31) 1904-06 Southwest Africa Medal
32) 1900-01 China Medal
33) 1848-49 Principality of Hohenzollern Campaign Medal (any survivors in late 80s then)
34) 1898 Jerusalem Cross
35) Ölberg Cross (for merit to/in the German Hospital on the Mount of Olives)
36) 1861 Coronation Medal
37) 1897 Centenary Medal
38) Electoral Hesse Jubilee Medals
39) Hannoverian Jubilee Medals
40) Non-Prussian Orders “except #s 8 and 9” as the recipient desired
41) Non-Prussian medals as the recipient desired

Category 13a meant that for officers in states like Baden, the Mecklenburgs, etc where they wore state colors and special state rank insignia, those states’ awards could be worn by their subjects in this place.  Subjects of the Principality of Hohenzollern were also in that category—category 19 was for Prussians, not Hohenzollern natives. 

The omission of the 1913 Colonial Medal and the placement of most of the other campaign medals and crosses shows the unique Prussian practice of generally placing the most recent war medal first, rather than last.  Düppel and Alsen were inexplicable exceptions—perhaps because “the King in person” had been present at those battles? And the “national” wars of 1848-1871 were seen as having precedence over the colonial campaigns.

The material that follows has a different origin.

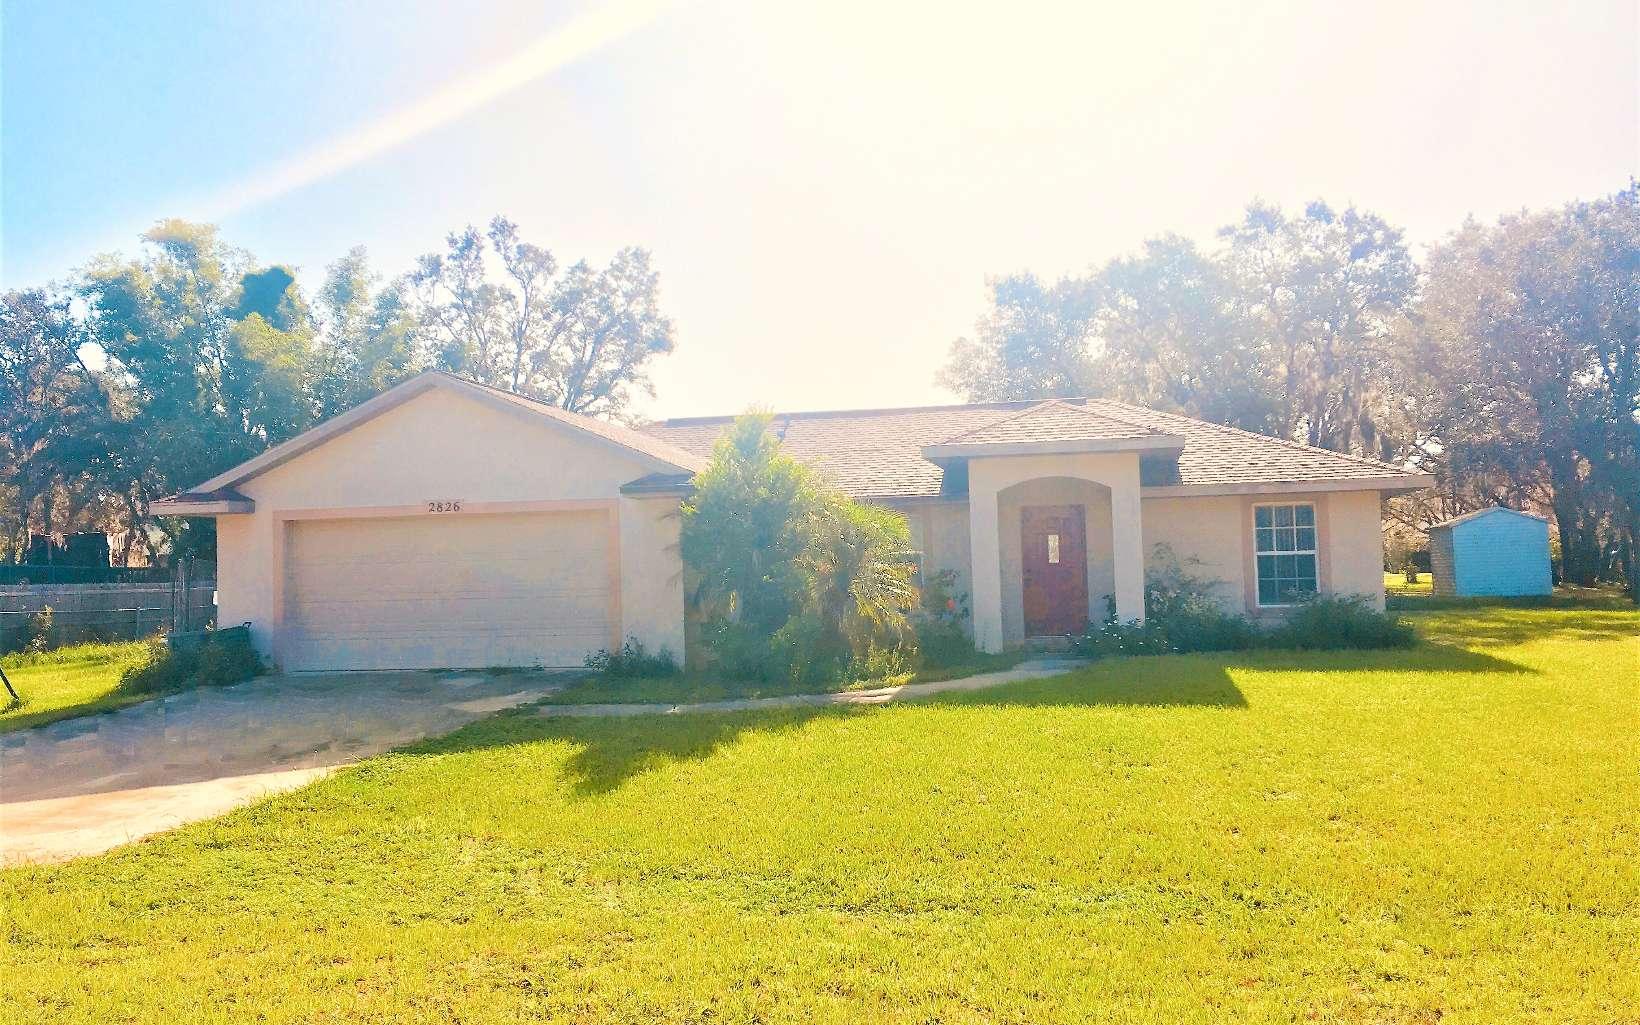 2826 N Monroe Rd, Avon Park, FL 33825

For comments on Bavarian, Saxon, etc regulations, see after the Reich regulations.

As previously mentioned, there were NO official regulations during the Weimar Republic. Civilians did as they pleased. Army personnel held fairly closely to Prussian regulations, but continued the unofficial wartime common practice of wearing all war awards before all peacetime awards—the bravery decorations of other German states being held of greater meaning than one’s own peace-time Orders.  The navy allowed—or at least tolerated—wearing many of the unofficial veterans’ association, commemorative, and purely vanity self purchase awards.  The Marinekorps Flandernkreuz, Skaggerakmedaille, and many others were worn in naval uniform.  Moreover, due to the difference in perception about Freikorps service 1919-23 (the “red” infected navy regarded its Freikorps personnel as the Loyal Cadre, whereas the regular “barracks” army looked down its nose at the border volunteers, etc), the navy was also more permissive about wear of these awards as well.

In 1935, as part of his “unification” campaign, Hitler made the unofficial reality official, and ordered the formerly “Prussian” Iron Cross to always be worn first, ahead of all other WW1 decorations as the universal “Reichs” decoration. Lifesaving awards, the highest rewards for civil courage, were demoted to position behind the Hindenburg Cross, and eventually even lower.  Only three Freikorps awards received official recognition, and two of those were pinbacks—the Baltic Cross and 1919 Bremen Iron Roland.  With the deluge of new Third Reich awards, most for varieties of uniformed long service, it took a while to shake out a “final” precedence for pre-1914 campaign medals, which may be seen in their old 1914 “after long service” place, rather than ahead of long service awards.